In the meantime, Chris and my mom were whipping up delicious picnic food. Using a cookie cutter, my mom cut peanut butter and jelly and peanut butter and honey sandwiches into bear shapes, then drew mouths on with frosting.  

 Cars made out of Milky Way bars with M&Ms for wheels 
She also made little driving bears with Milky Ways, M&Ms, Teddy Graham’s, and melted chocolate chips. (For Americans, the Smarties referred to in the link are like giant M&Ms, not the hard little things everyone picks out of their Halloween candy.) Chris made a deconstructed eggplant parmesan salad with cubes of fried eggplant, roasted tomatoes, cherry tomatoes, mozzarella cheese, basil leaves, olive oil, sherry vinegar, and shaved Parmesan cheese. He made it ages ago and I adored it so much I still remembered it seven years later. 

And of course, the cake. With this birthday cake recipe and the buttercream frosting recipe from culinary school, it was definitely the tastiest cake Chris has ever made. It was darn cute too. White frosting with lines of red colored sugar created a picnic blanket. Piping of green frosting around the edges made for convincing looking grass. And stuffed bears from Amazon (12 for $10!) around a piece of honeycomb, on top of a piece of Saran Wrap, made an adorable picnic. It was shockingly hard to find those little bears. We almost had to fall back on Care Bears, of all things. 

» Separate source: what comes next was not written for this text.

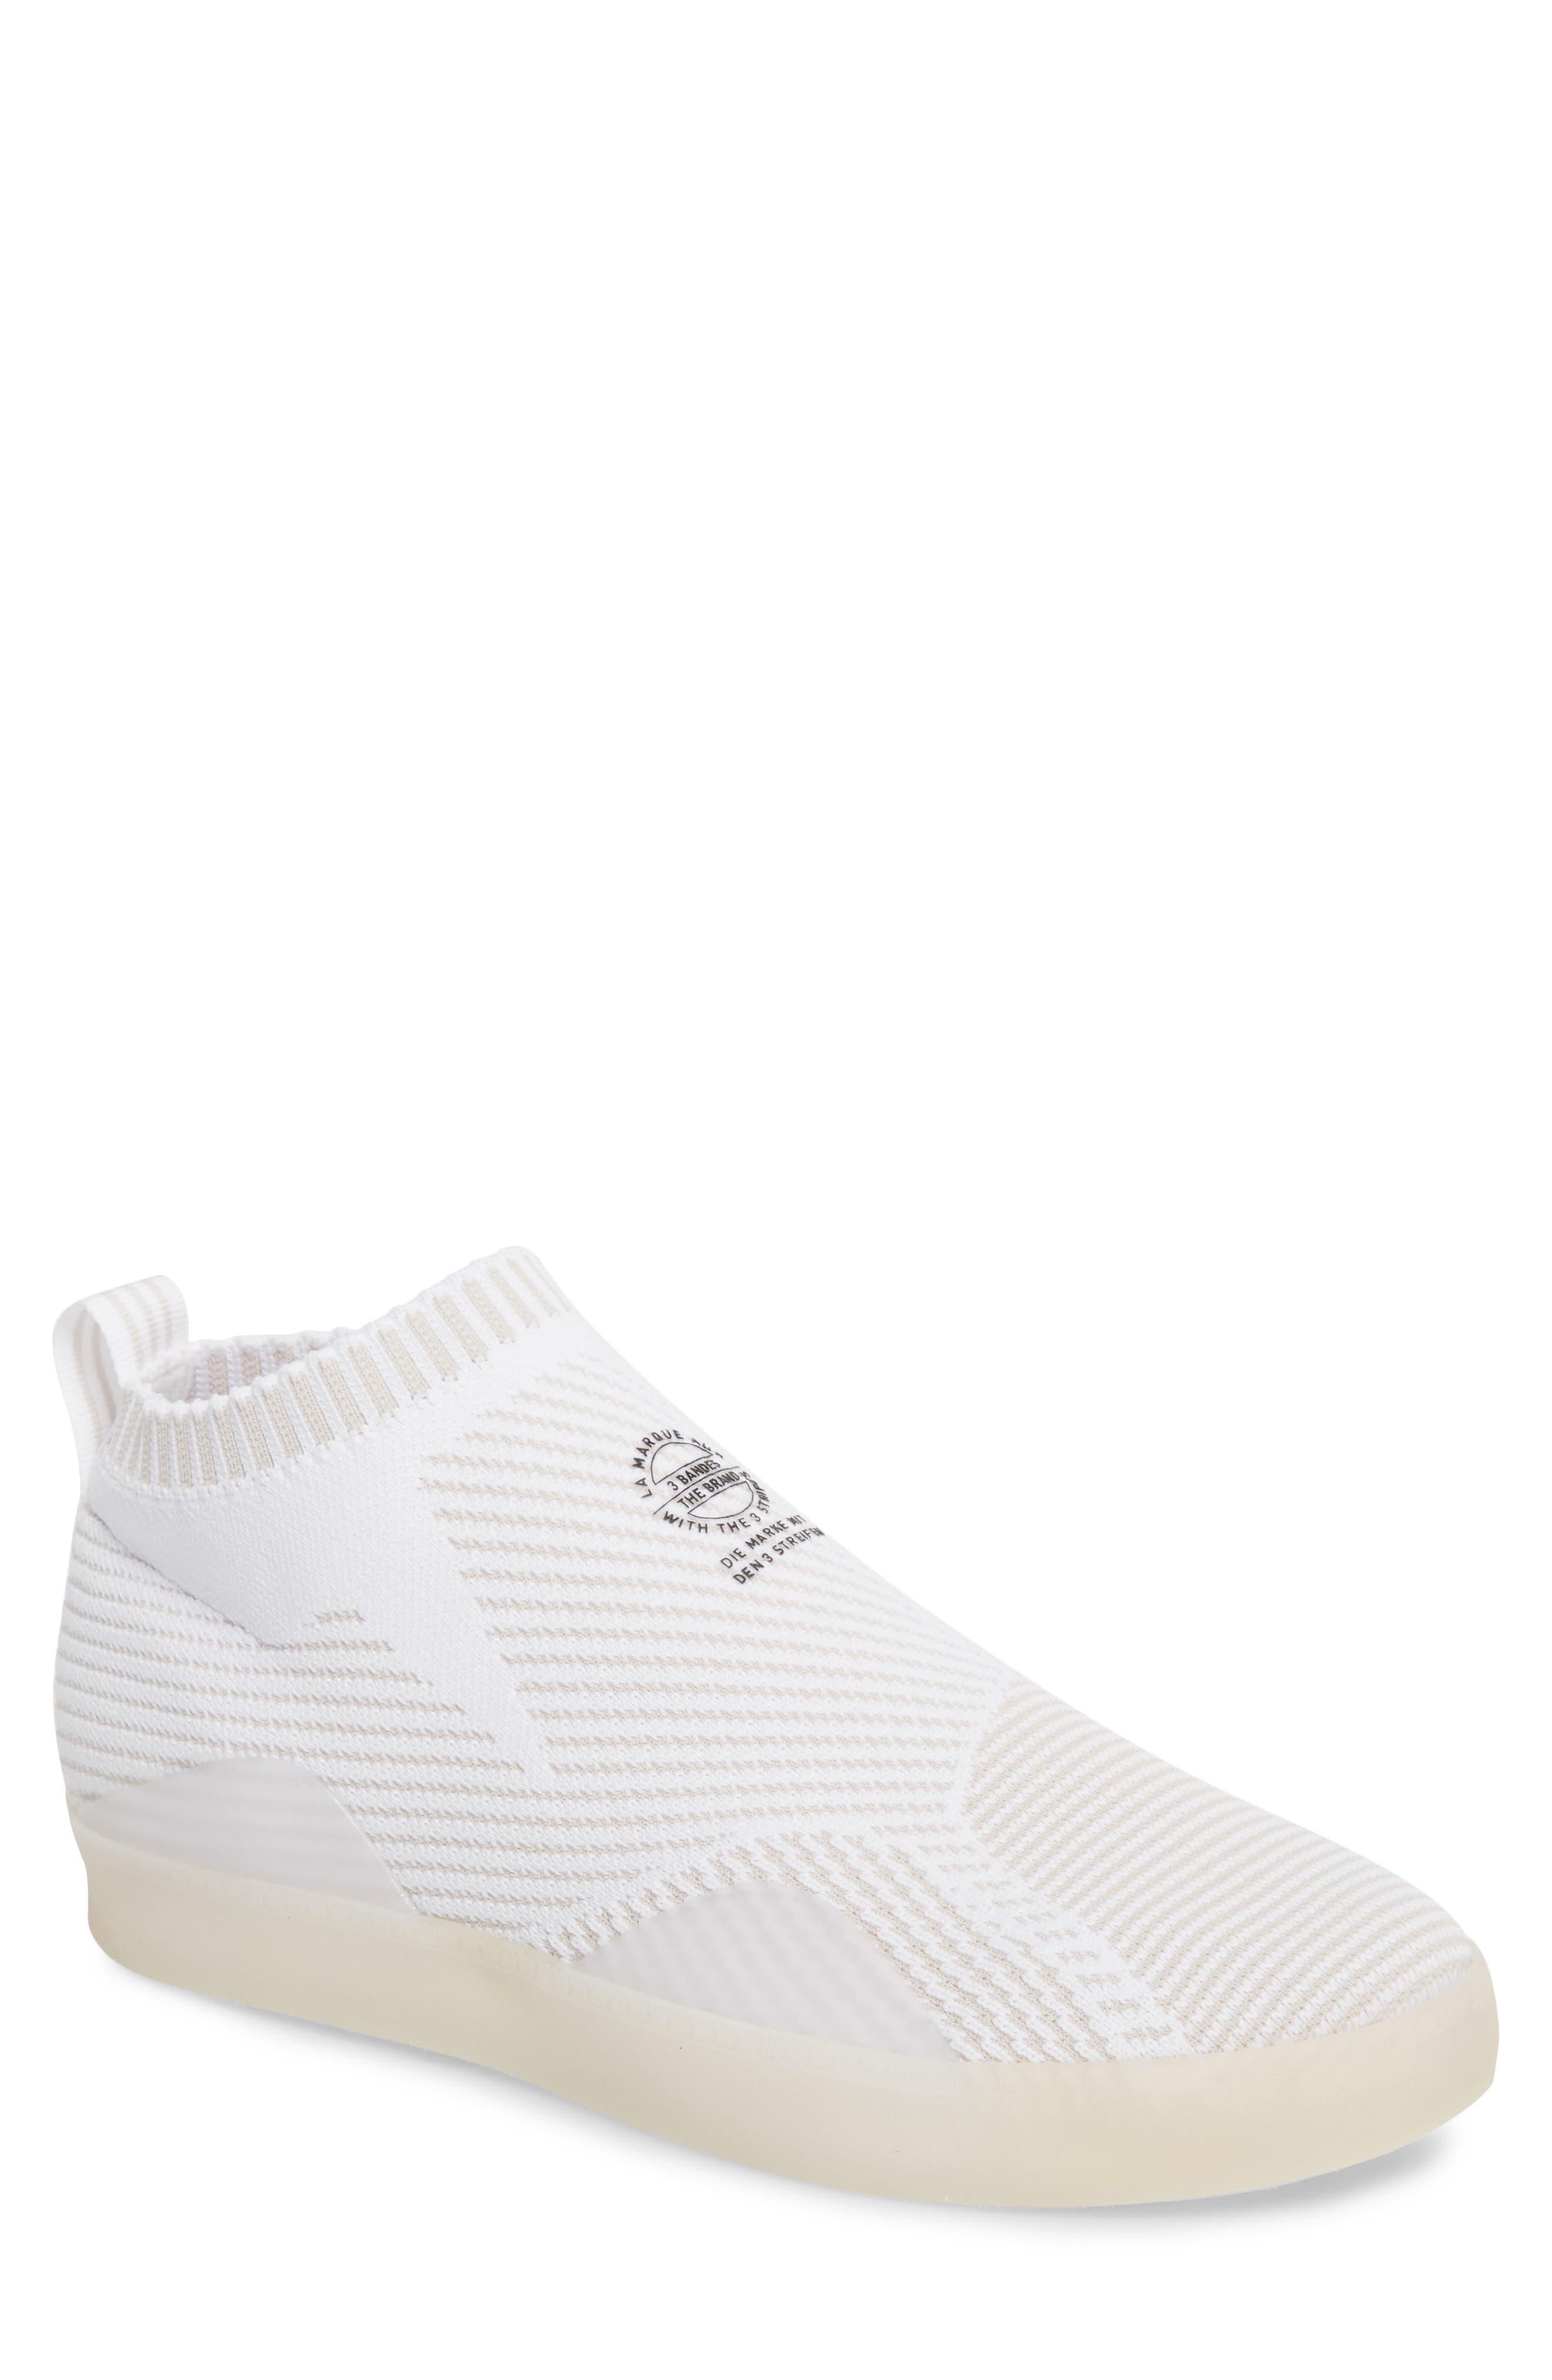 3ST.002 Primeknit Skateboarding Shoe,                         Main,                         color, White / Grey/ Black

Before we started, I wanted to see Sprout’s reaction. Last year, he didn’t have a clue what was going on, but this year, he’s already well-versed in the concept of make-believe. I’ve drank enough cups of pretend tea to know that. When he turned into the room, transformed into a teddy-bear fantasy, a big smile spread across his face. He was happy earlier in the day, but this was wonder. It made every bit of decorating worth it.

Once everything was ready, we waited for our guests. And waited. And waited. D.C. guests abide by the “fashionably late” idea and getting little kids out the door is a fight against entropy anyway. Just as I was getting genuinely nervous, our guests started arriving. Even though we had far fewer people show up than invited, it was the perfect number. If we had more, it would have been too crowded in the basement.

As it was, we had 4 kids running around, 1 infant, and a bunch of adults, both parents and not. The setting wasn’t as exciting as a playground, but they enjoyed our toy kitchen and little slide. They were self-sufficient enough that the parents could relax and talk, which everyone appreciated. I always like being able to see my friends.

But my favorite part of the whole day was just before we cut the cake. I held Sprout up to blow out the candles. As the lights were off and everyone was singing, he smiled quietly, his eyes shining. He knew everyone was singing to him out of love.

Later that night, he kept saying, “Happy day.” Happy day indeed.